* ACTIVITY
Give all of the data again exactly as written, omitting every image.

* INFORMATION PROVIDED

○ ○ ○

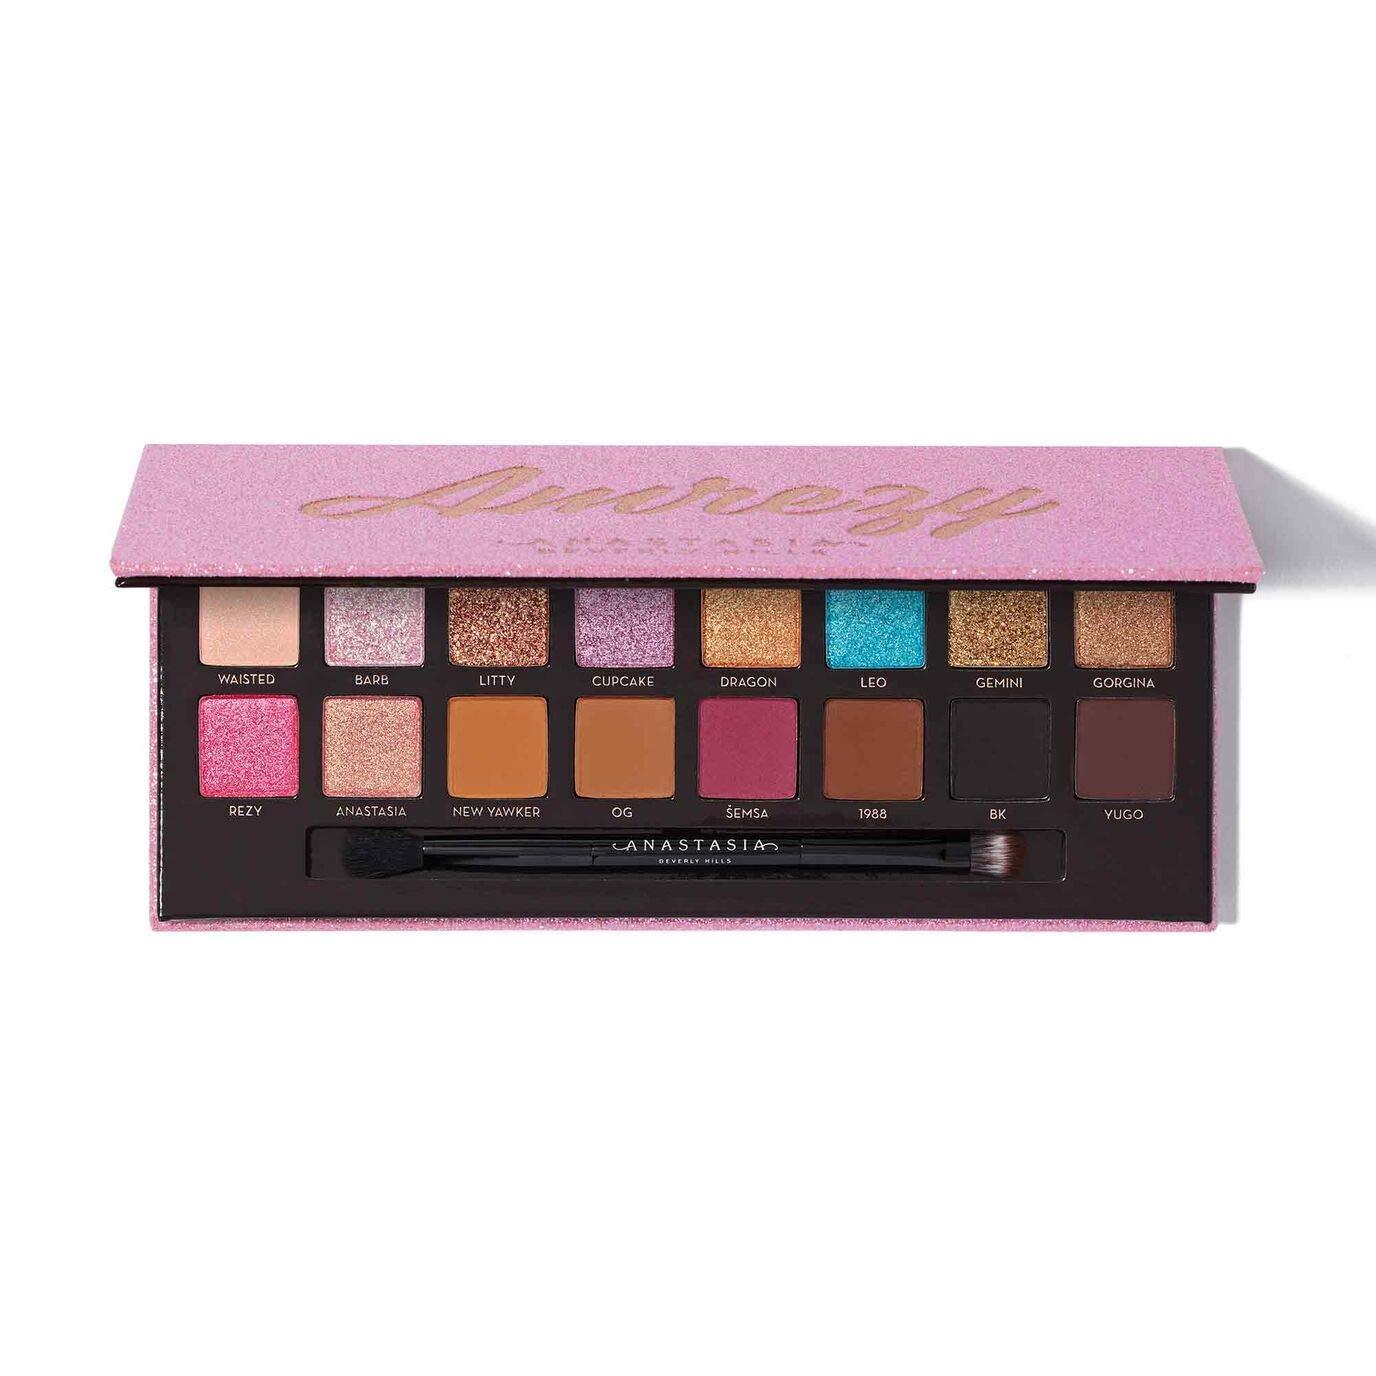 Anastasia Beverly Hills Eyeshadow Palette, Amrezy
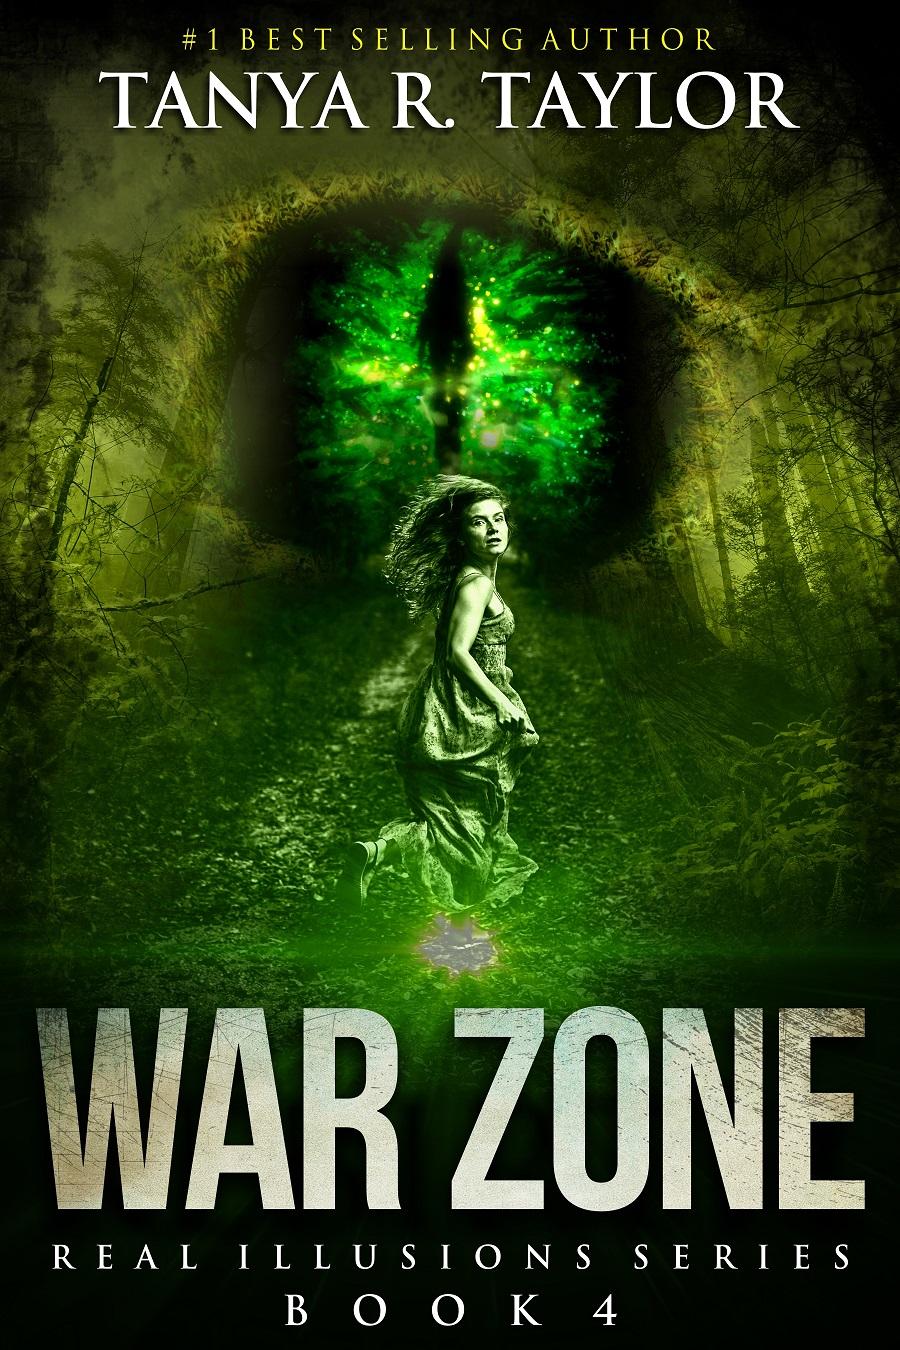 WAR ZONE REG
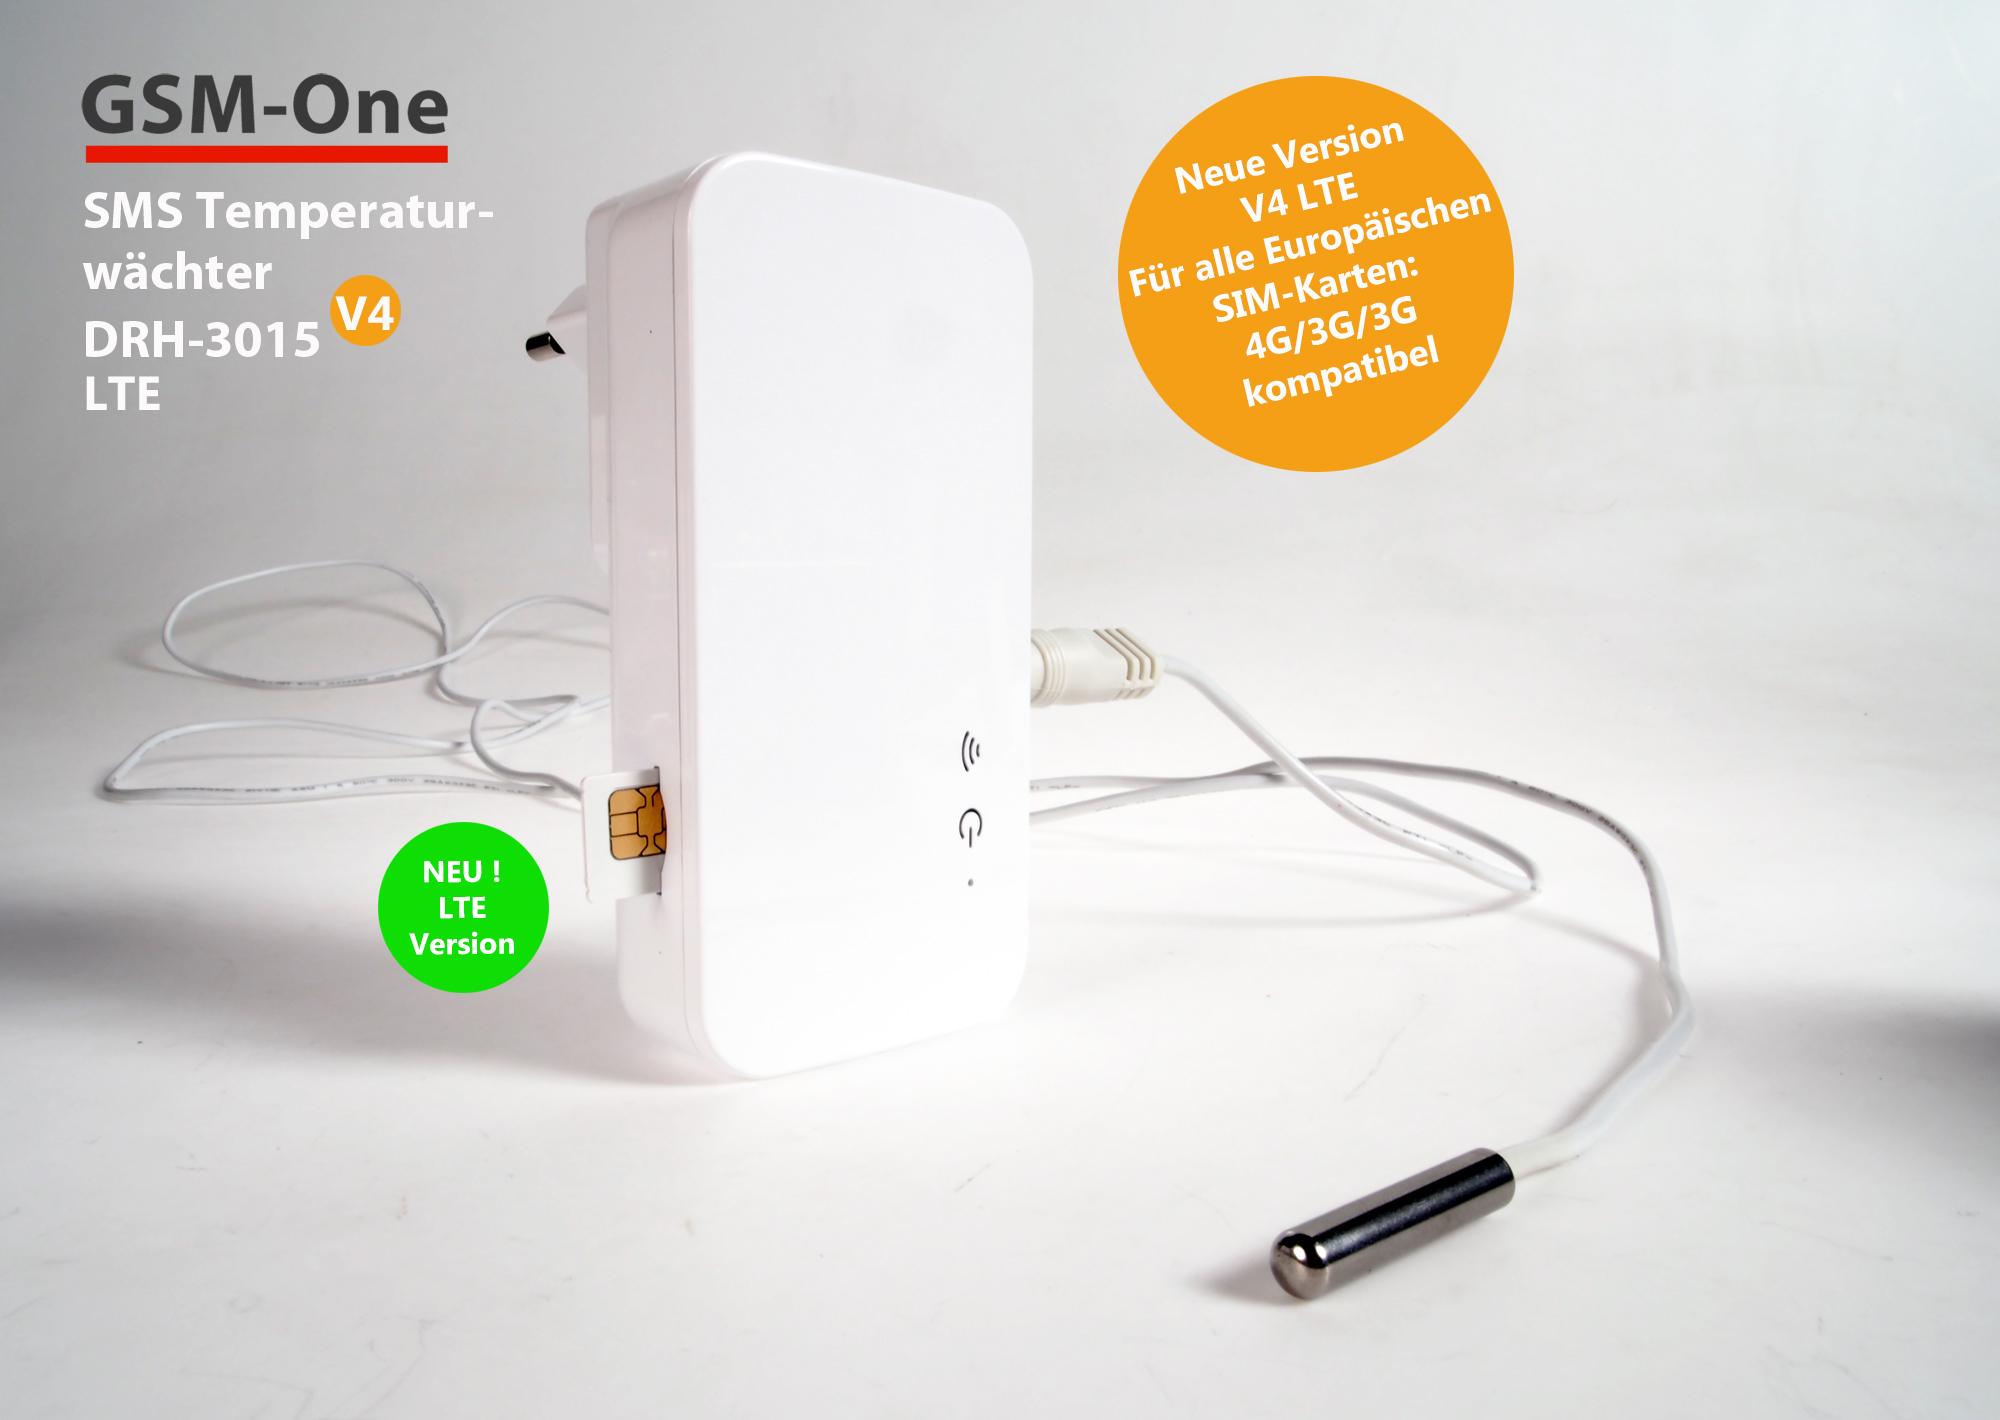 GSM-Temperaturwächter DRH-3015-V4 , 4G/LTE VERSION

○ ○ ○

* EXERCISE OUTPUT
 Anastasia Beverly Hills Eyeshadow Palette, Amrezy
 WAR ZONE REG
 GSM-Temperaturwächter DRH-3015-V4 , 4G/LTE VERSION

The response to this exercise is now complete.